Potential adverse events of eplerenone may include hyperkalemia, which can be exaggerated by coexisted renal insufficiency, diabetes mellitus, advanced heart failure, older patient age and interactions with other medications, such as potassium-sparing diuretics, angiotensin converting enzyme inhibitors and angiotensin receptor blockers, fatigue, dizziness, sedative effect, hypertension, diarrhea or constipation, bowel irritation, myotonia, gynecomastia, weight loss and increase of serum liver parameters, bilirubin and CPK levels [25-38]. However, adverse events seem to be dose-dependent and are reversible after discontinuation of treatment.

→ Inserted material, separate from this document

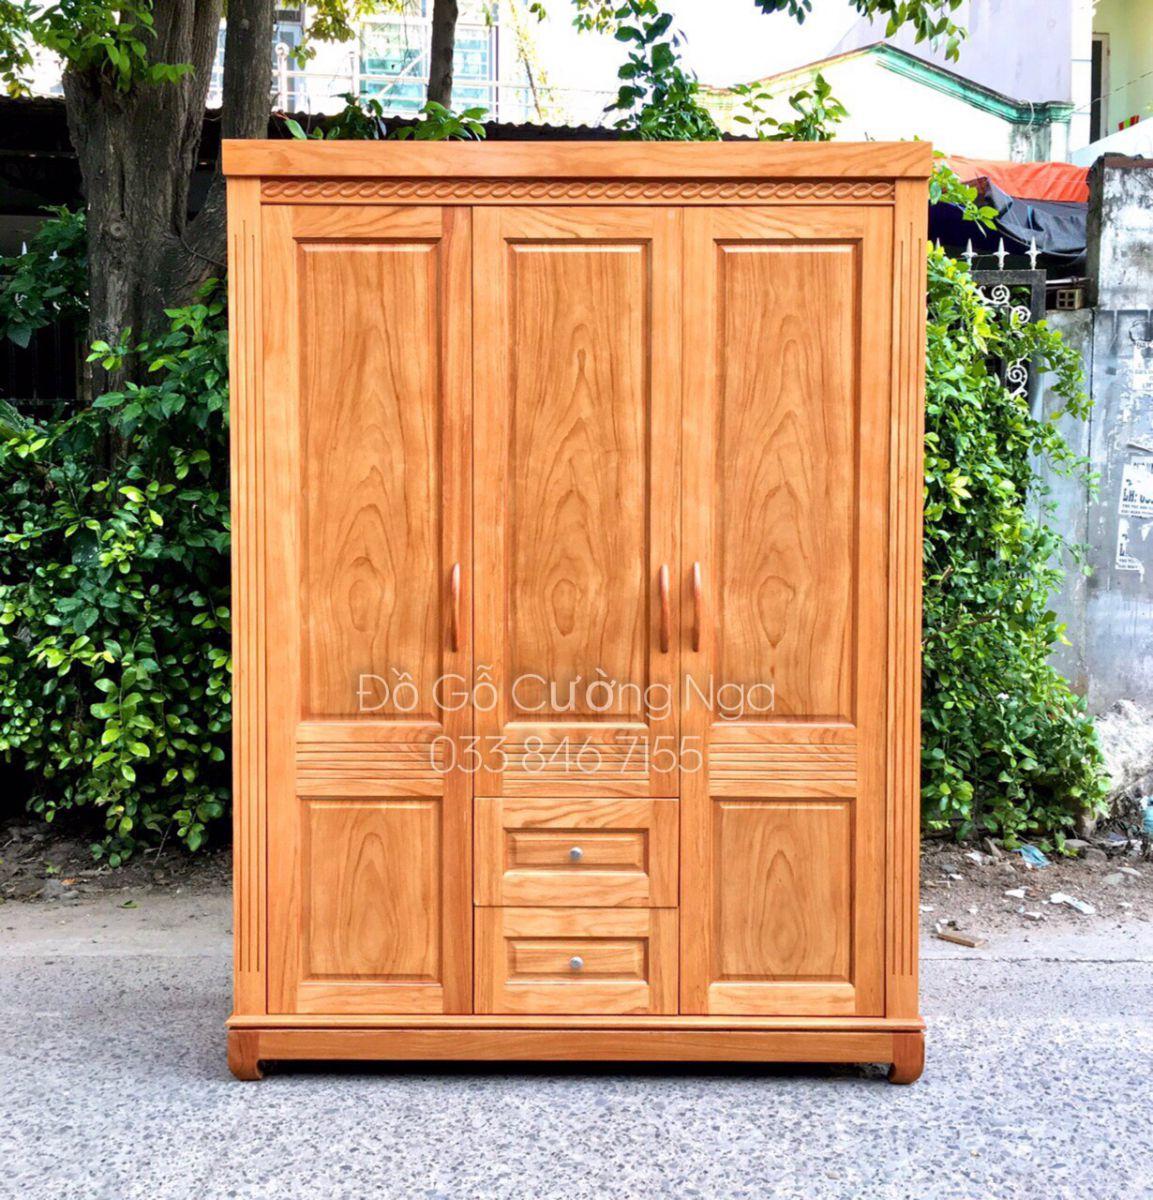 Tủ quần áo gỗ gõ đỏ 3 cánh 1m6 tại Đồ Gỗ Cường Nga quận 12

It is worthy to note that since most of the studies examining eplerenone for CSCR treatment are retrospective with short-term follow-up and small sample size, large prospective, randomized studies are needed to scrutinize the role of MR antagonists in CSCR treatment.

Conclusions

CSCR is a challenging disease to understand and treat, since its pathogenesis remains elusive and multifactorial. Systemic emerging pharmacologic approaches, like eplerenone, are intriguing, as they target several pathophysiological pathways and may lead to visual acuity improvement and more rapid recovery. Based on the current literature, eplerenone seems to be efficient, especially at the chronic stage of the disease. Since the results on patients with widespread RPE changes are limited and non-significant, further research is needed to determine which patients are most likely to benefit from eplerenone and their imaging characteristics, while potential combination with other treatment modalities can be also considered.